Improving the Robustness of QA Models to Challenge Sets with Variational Question-Answer Pair Generation

Kazutoshi Shinoda,Saku Sugawara,Akiko Aizawa
DOI: https://doi.org/10.48550/arXiv.2004.03238
2021-06-04
Abstract:Question answering (QA) models for reading comprehension have achieved human-level accuracy on in-distribution test sets. However, they have been demonstrated to lack robustness to challenge sets, whose distribution is different from that of training sets. Existing data augmentation methods mitigate this problem by simply augmenting training sets with synthetic examples sampled from the same distribution as the challenge sets. However, these methods assume that the distribution of a challenge set is known a priori, making them less applicable to unseen challenge sets. In this study, we focus on question-answer pair generation (QAG) to mitigate this problem. While most existing QAG methods aim to improve the quality of synthetic examples, we conjecture that diversity-promoting QAG can mitigate the sparsity of training sets and lead to better robustness.

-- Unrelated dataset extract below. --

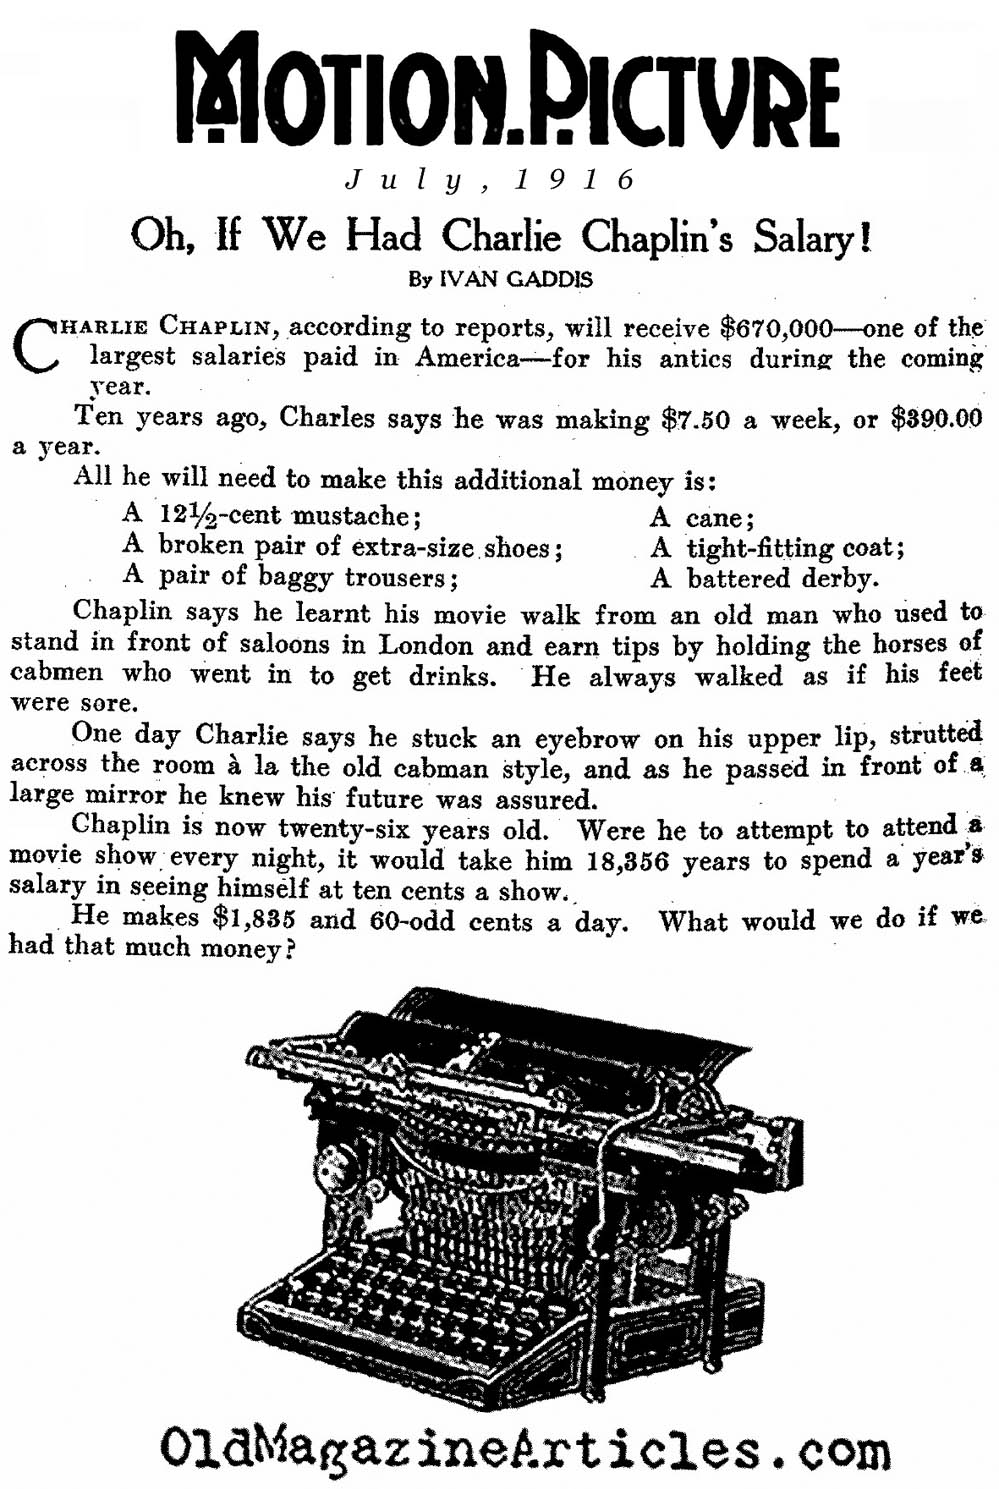 Charlie Chaplin's Salary and Other Concerns   (Motion Picture Magazine, 1916)
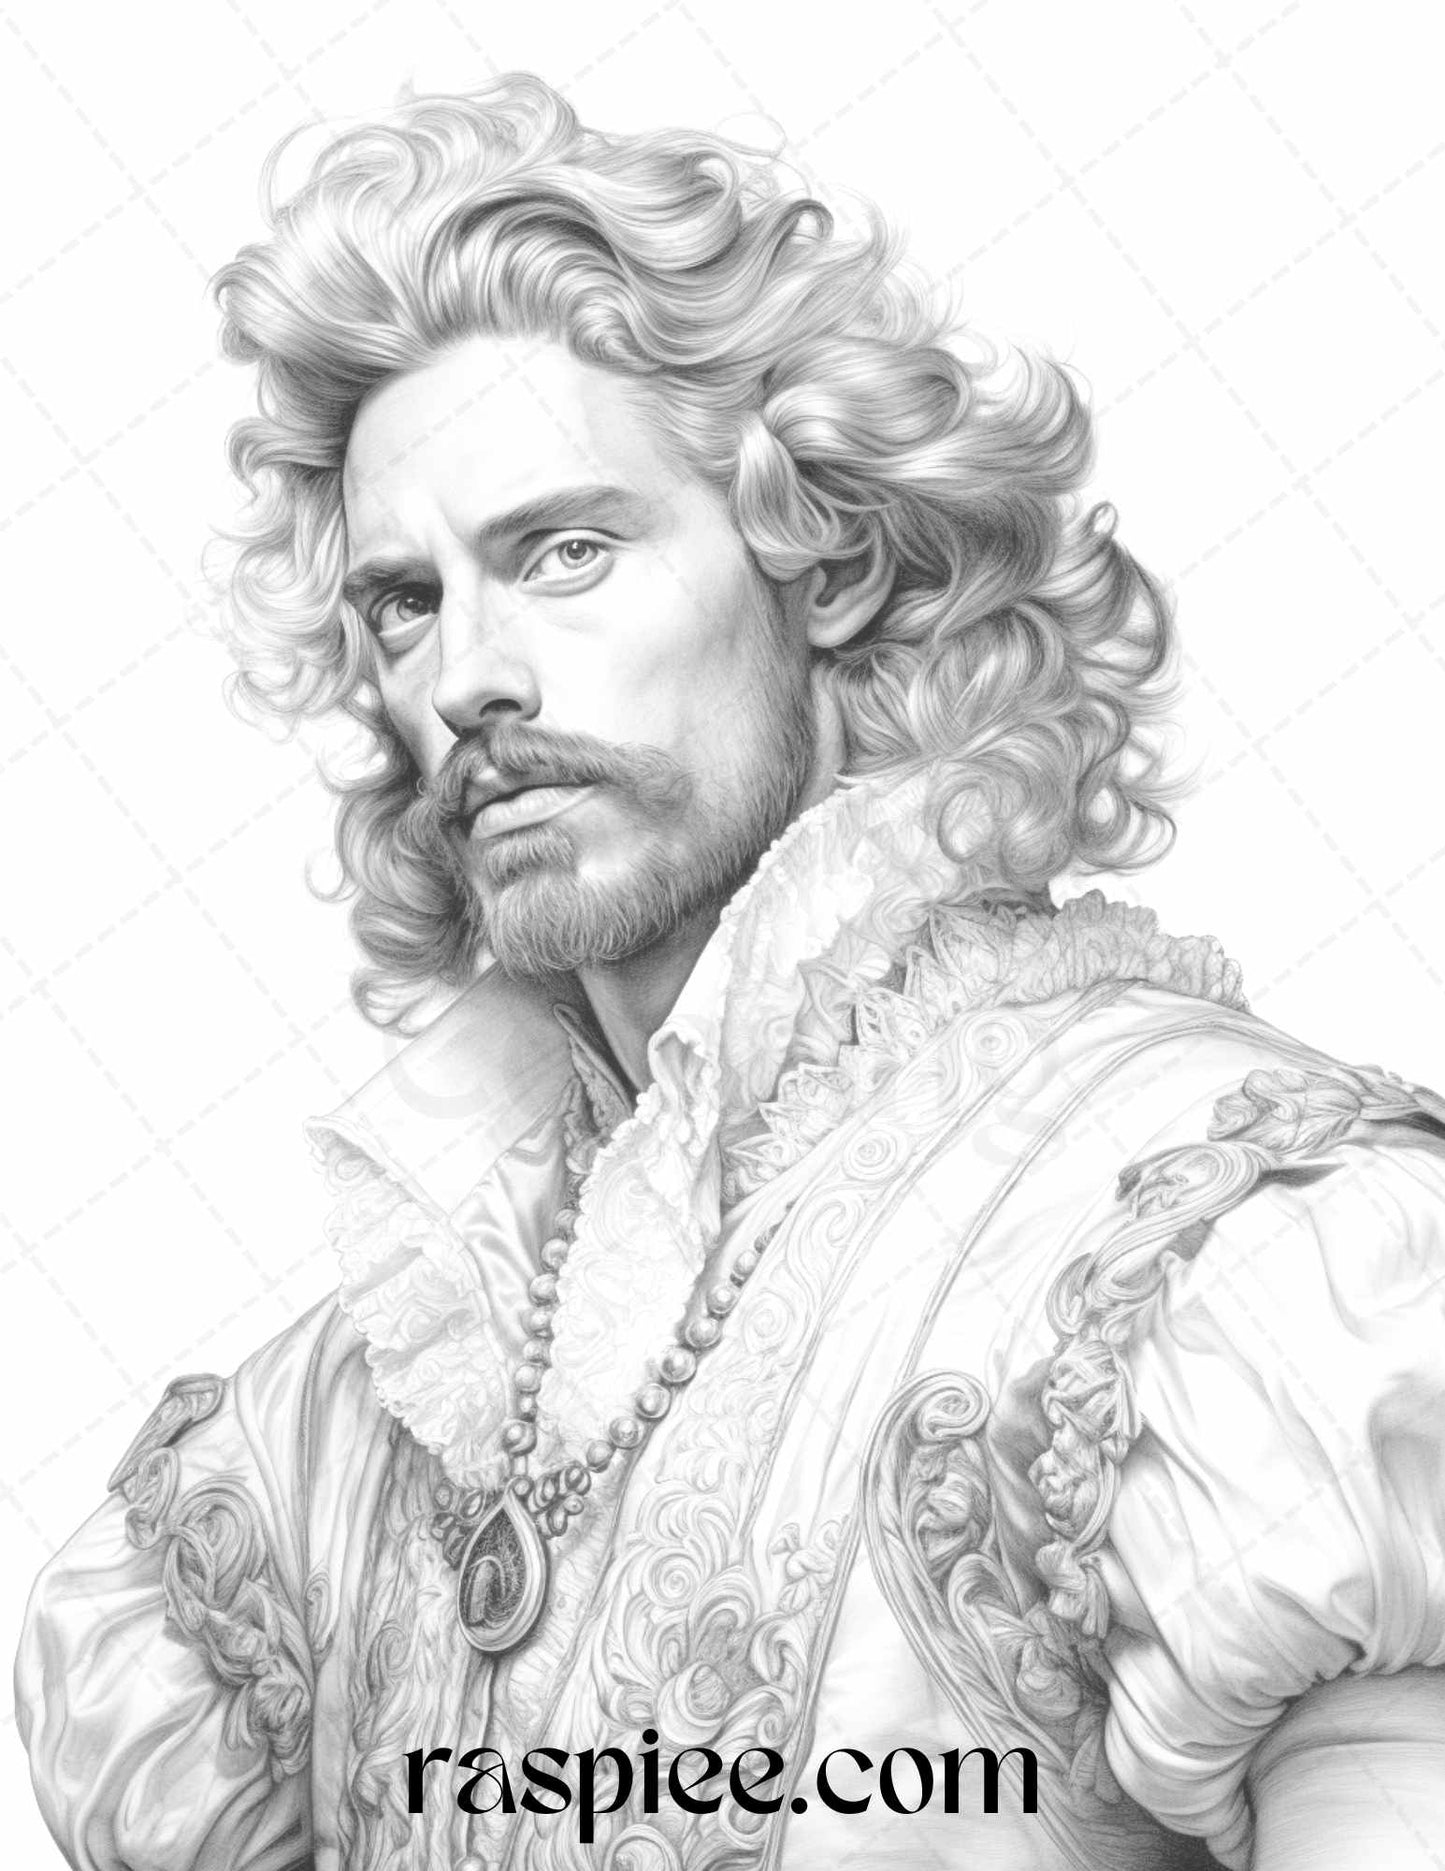 Baroque Man Portrait Grayscale Coloring Pages, Vintage Portraits Printable, High-Quality Grayscale Art, Adult Coloring Book Stress Relief, Intricate Baroque Designs

We present a variational QAG model that generates multiple diverse QA pairs from a paragraph. Our experiments show that our method can improve the accuracy of 12 challenge sets, as well as the in-distribution accuracy. Our code and data are available at <a class="link-external link-https" href="https://github.com/KazutoshiShinoda/VQAG" rel="external noopener nofollow">this https URL</a>.
Computation and Language,Artificial Intelligence,Machine Learning
What problem does this paper attempt to address?
The problem that this paper attempts to solve is: **Improve the robustness of question - answering (QA) models on challenge datasets**. Specifically, although existing QA models have achieved human - comparable accuracy on in - distribution test sets, their performance on challenge datasets is not robust enough. The distributions of these challenge datasets are different from those of the training sets. Existing data augmentation methods alleviate this problem by sampling synthetic samples from the same distribution as the challenge datasets. However, these methods assume that the distribution of the challenge datasets is known, so their effectiveness is limited when facing unknown challenge datasets. To solve this problem, the author proposes a variational question - answer pair generation model (VQAG) based on variational auto - encoders, aiming to improve the diversity of the training set by generating diverse question - answer pairs, thereby enhancing the robustness of QA models. Specific contributions include: 1. **Propose a variational question - answer pair generation model (VQAG) with explicit KL control**, which can significantly generate diverse answers and questions. 2. **Use this model to construct a synthetic QA dataset** to improve the performance of QA models on in - distribution test sets and achieve results comparable to existing question - answer pair generation (QAG) methods. 3. **Find that this method also achieves meaningful improvements on unseen challenge datasets** and further improves performance through a simple integration method. Through these improvements, the author hopes to significantly improve the robustness of QA models on various challenge datasets without sacrificing in - distribution accuracy.